As Dr Atlas revealed - he arrived to meetings armed with papers to discuss with the technical staff who were not prepared to address the science. They were all about policy matters. So very odd that the technical staff were so ill informed, seemingly uninterested. Policy making is the power to influence and direct the public and should only be made by those accountable for those policies - by Congress representing the public. Seems like the technical advice was opinion rather than science despite all of Dr Fauci's posturing. Then groupthink took over to even eliminate any debate. Now I can't be sure of all that because I wasn't there so depend on observers like Atlas. Still I can't begin to understand how our officials did so poorly despite much funding.
Then Dr Brix complained about the data arriving to be interpreted. Three years in and we STILL don't have an adequate system of collection nor analyses. And now it seems there are efforts to even hide data that doesn't adhere to assumptions. The essence of science rests on refinement of data, development of new hypothesis to understand that data. We seem to have abandoned that and witness the failure of public health policy.

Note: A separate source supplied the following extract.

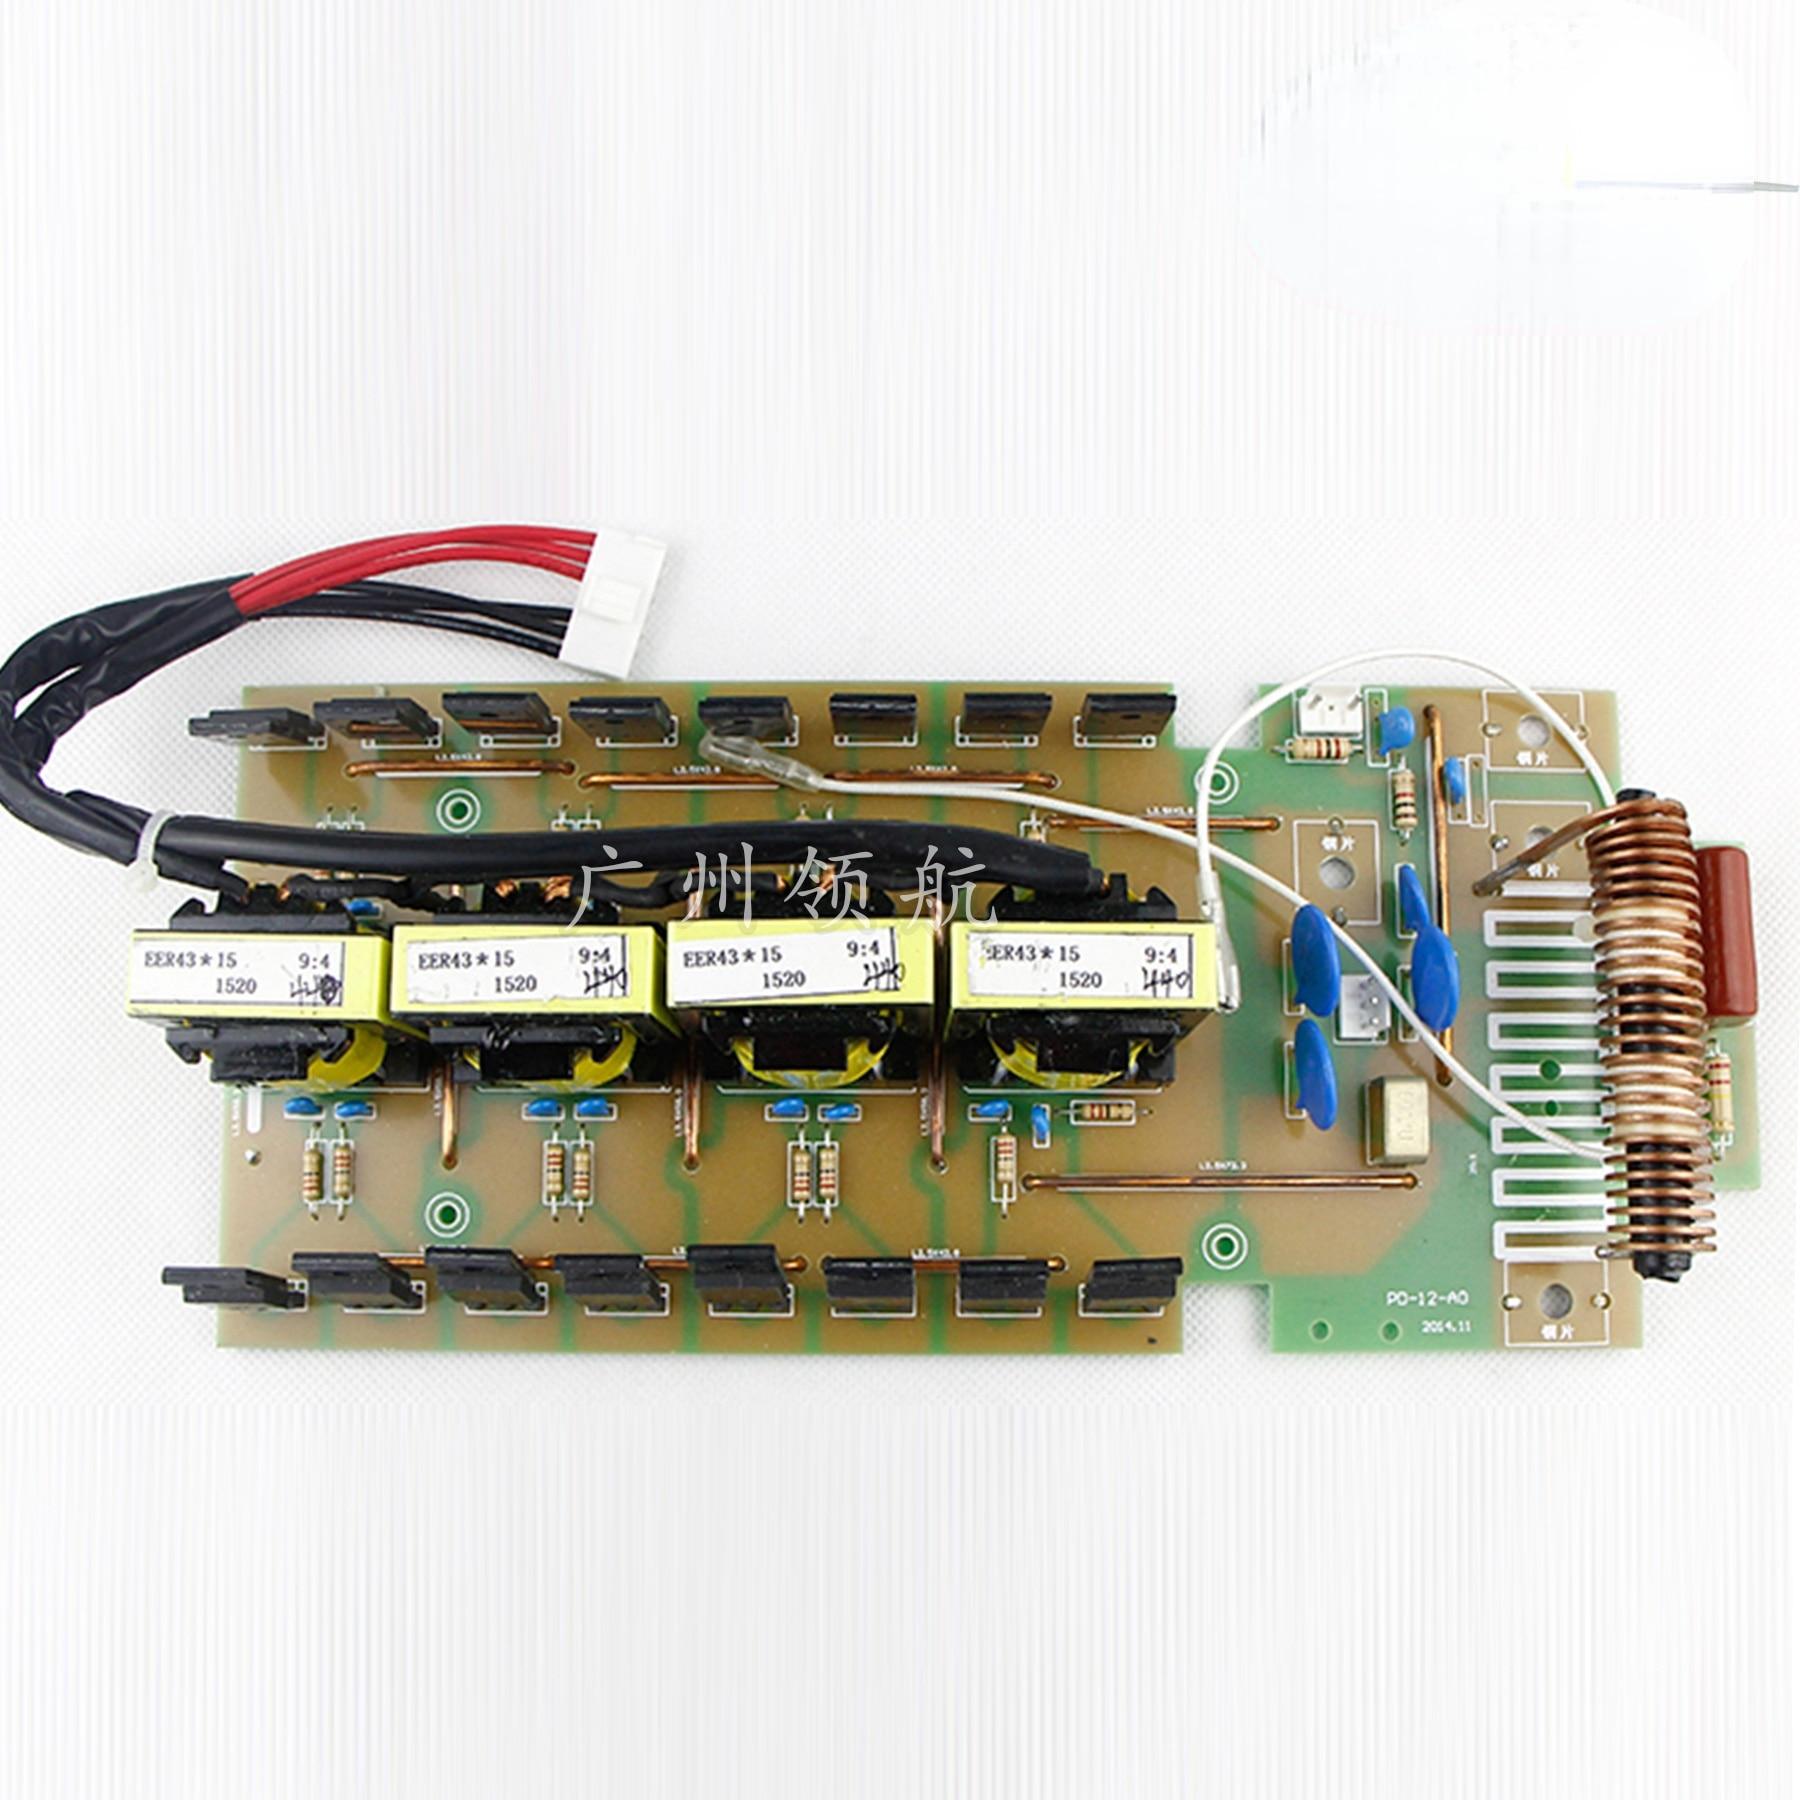 LGK/CUT-60/70 العاكس آلة قطع البلازما لوحة متوسطة لوحة دوائر كهربائية كاملة مع محول المعدل أنبوب

Great post. The failure was systemic. Where and how to reassemble the pieces of public health?
Clearly the CDC is run by people with a very special combination of skills rarely pulled together so effectively. Sadly those are hubris, incompetence and delusions of grandeur. The result wasn’t simply that they didn’t use the opportunity to learn something, contribute to science and help save lives. Instead, they published garbage, became a source of derision and misleading direction that has contributed significantly to loss of life and the unnecessary continuation of fear of simple unknowns.
I would love for the next CDC director to fire EVERYONE and then have them reapply for their job. Hire about half the people that were there before b/c the ones you hire will be intelligent. Then you can pay them MORE. Also make each currently fired employee explain WTH happened with Covid and their thoughts on why their institution failed so badly.
The CDC runs trials? Since when? Example?
It would be a reasonable thing for them to do, I'm just pointing out that that would be asking them to change their mission mid-public health crisis, and mid-budget cycle. Hard to run a trial without budget for it.
I guess the real critique is that there was not a war chest set aside to run these trials when the need arose. Like you, I sure wish there were. But that seems more a critique of the short-sightedness of representative democracy in general than of the CDC per se.
Interesting point. Don't they run the trials/write the studies they post in the MMWR? Even if you're right, their interpretation of observational studies is pathetic!